- [EXERCISE INSTRUCTIONS]:
In the records below, find the line containing "#30DayMapChallenge". Output it and every line after it to the end, unchanged, with no pictures.

- [INPUT DATA]:
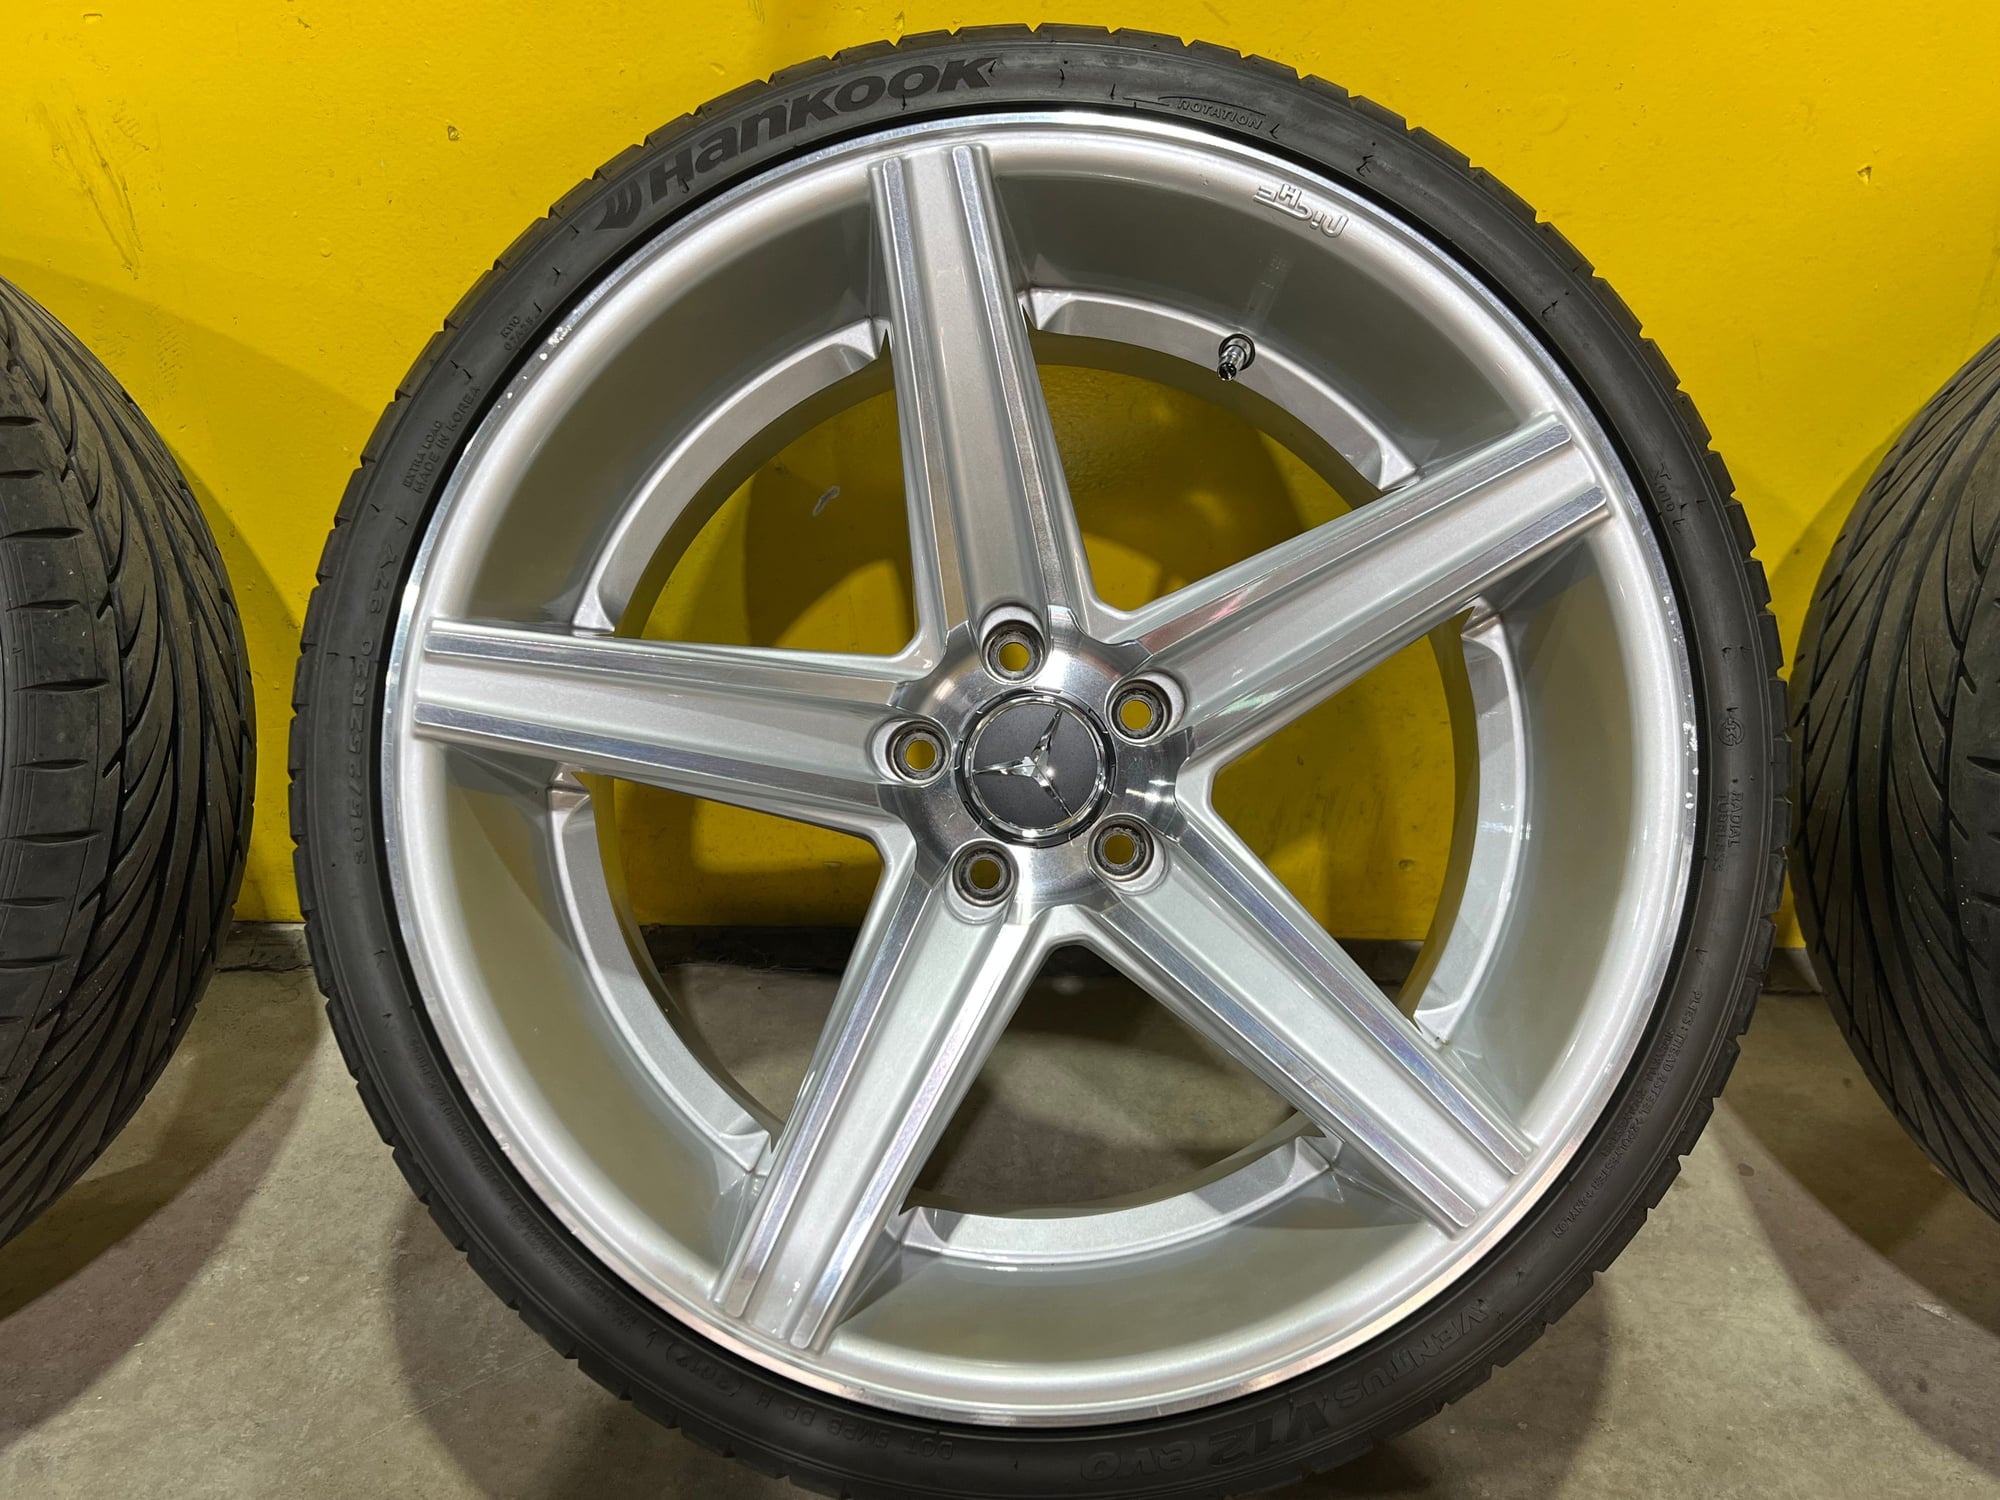 Wheels and Tires/Axles - Mercedes W219 R230 Niche Apex 20x8.5 and 20x10.5 Wheels and Tires - Used - Ny, NY 10101, United States
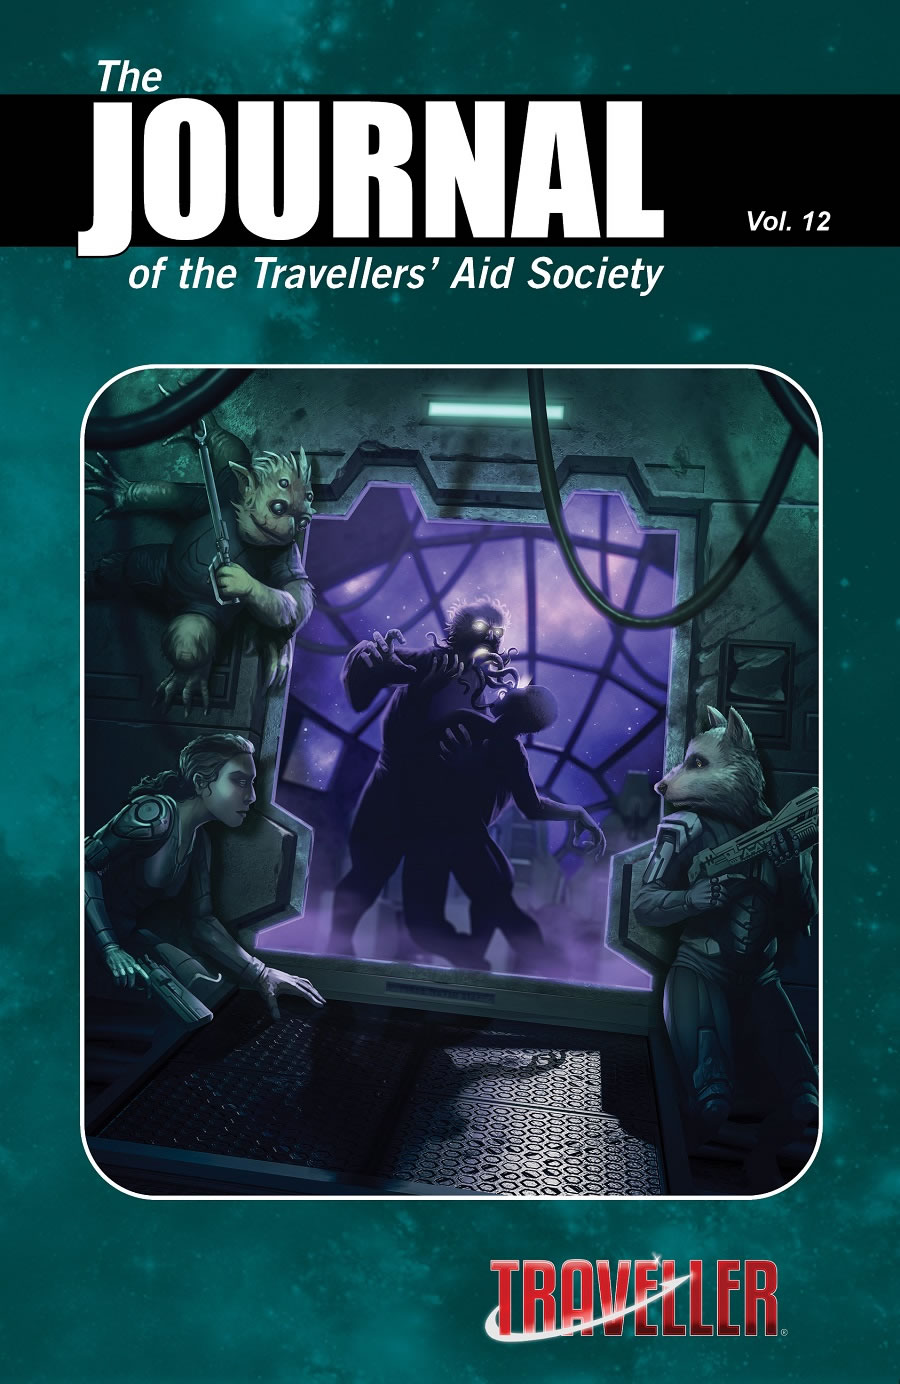 The Journal of Travellers Aid Society Vol.12 
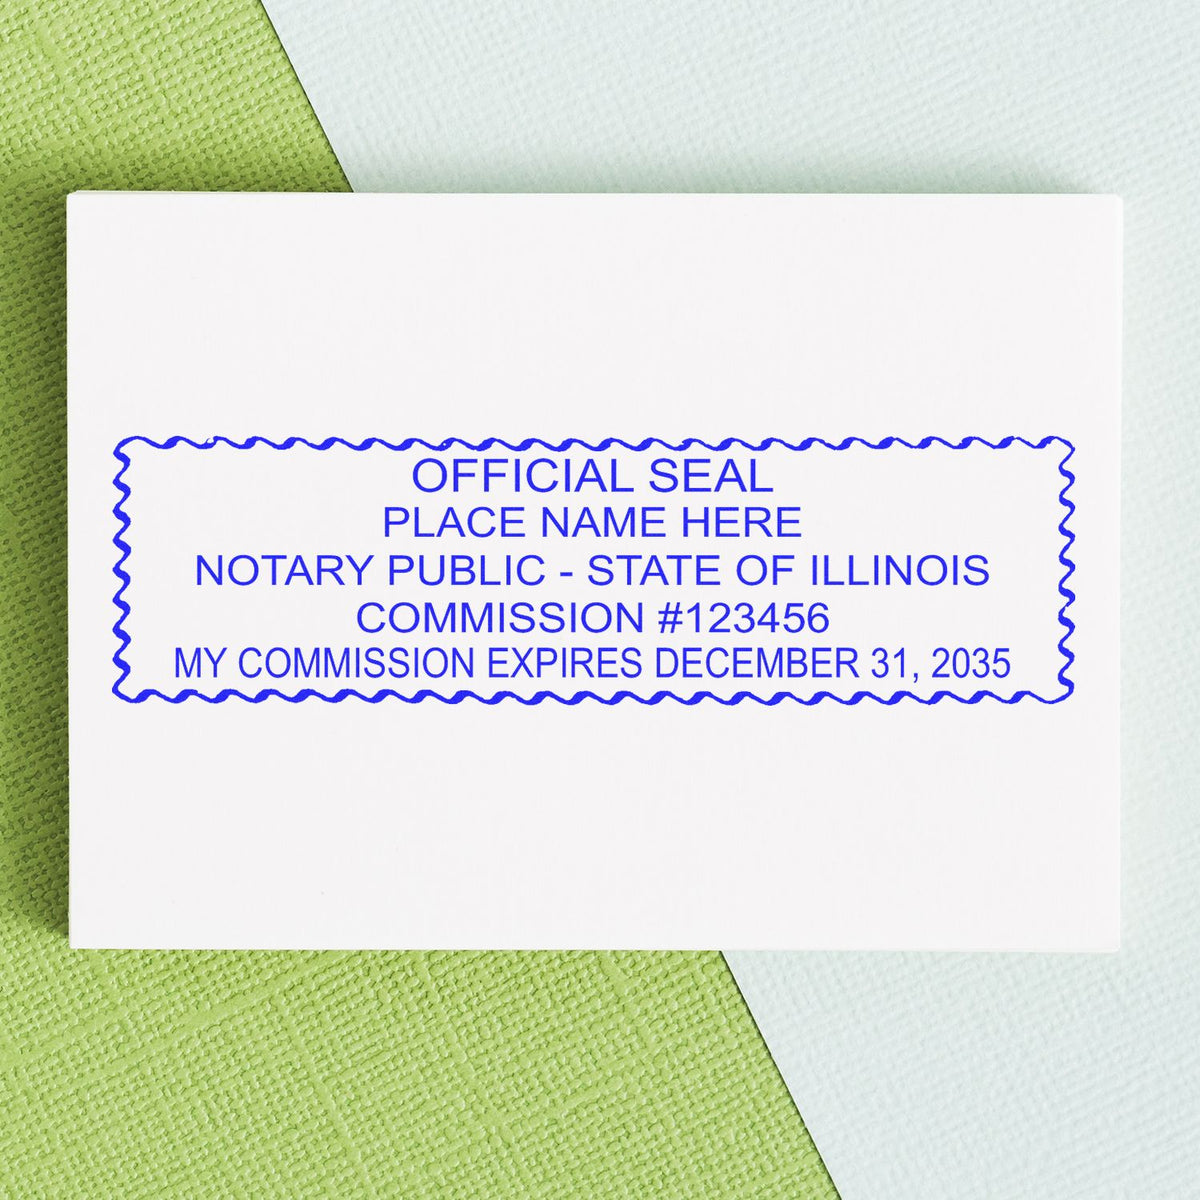 A stamped impression of the Super Slim Illinois Notary Public Stamp in this stylish lifestyle photo, setting the tone for a unique and personalized product.
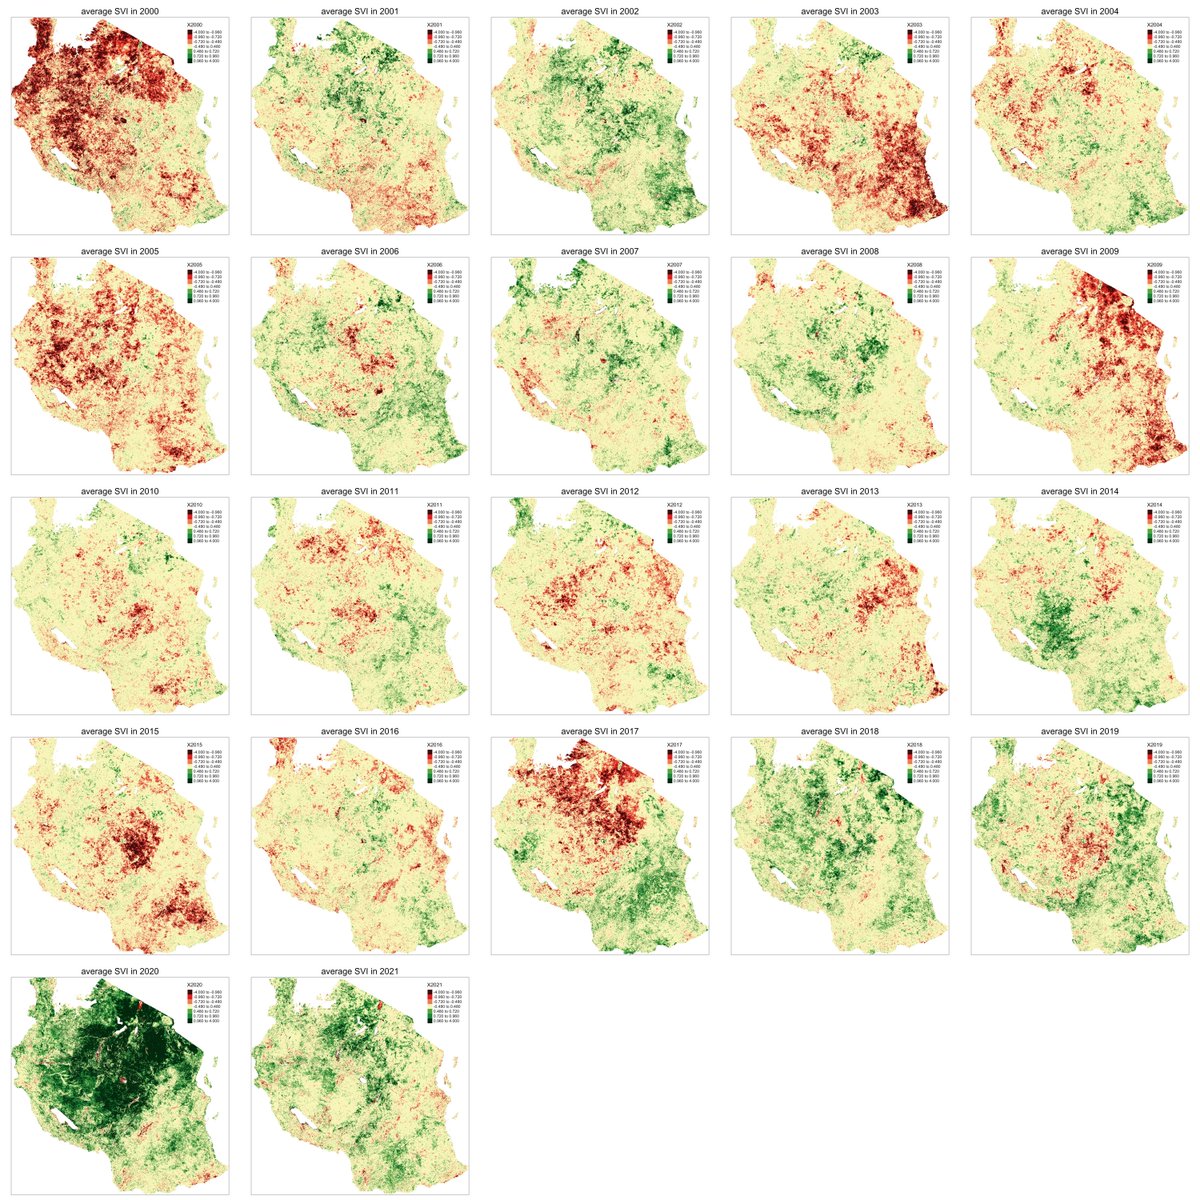 #30DayMapChallenge 
Day 8: Africa

Standardized Vegetation Index (SVI) is an index of the relative vegetation condition compared to the years being analyzed based on NDVI.

Here's a map of SVI in Tanzania between 2000 and 2021.

- [WRITTEN SOLUTION]:
 #30DayMapChallenge 
Day 8: Africa

Standardized Vegetation Index (SVI) is an index of the relative vegetation condition compared to the years being analyzed based on NDVI.

Here's a map of SVI in Tanzania between 2000 and 2021.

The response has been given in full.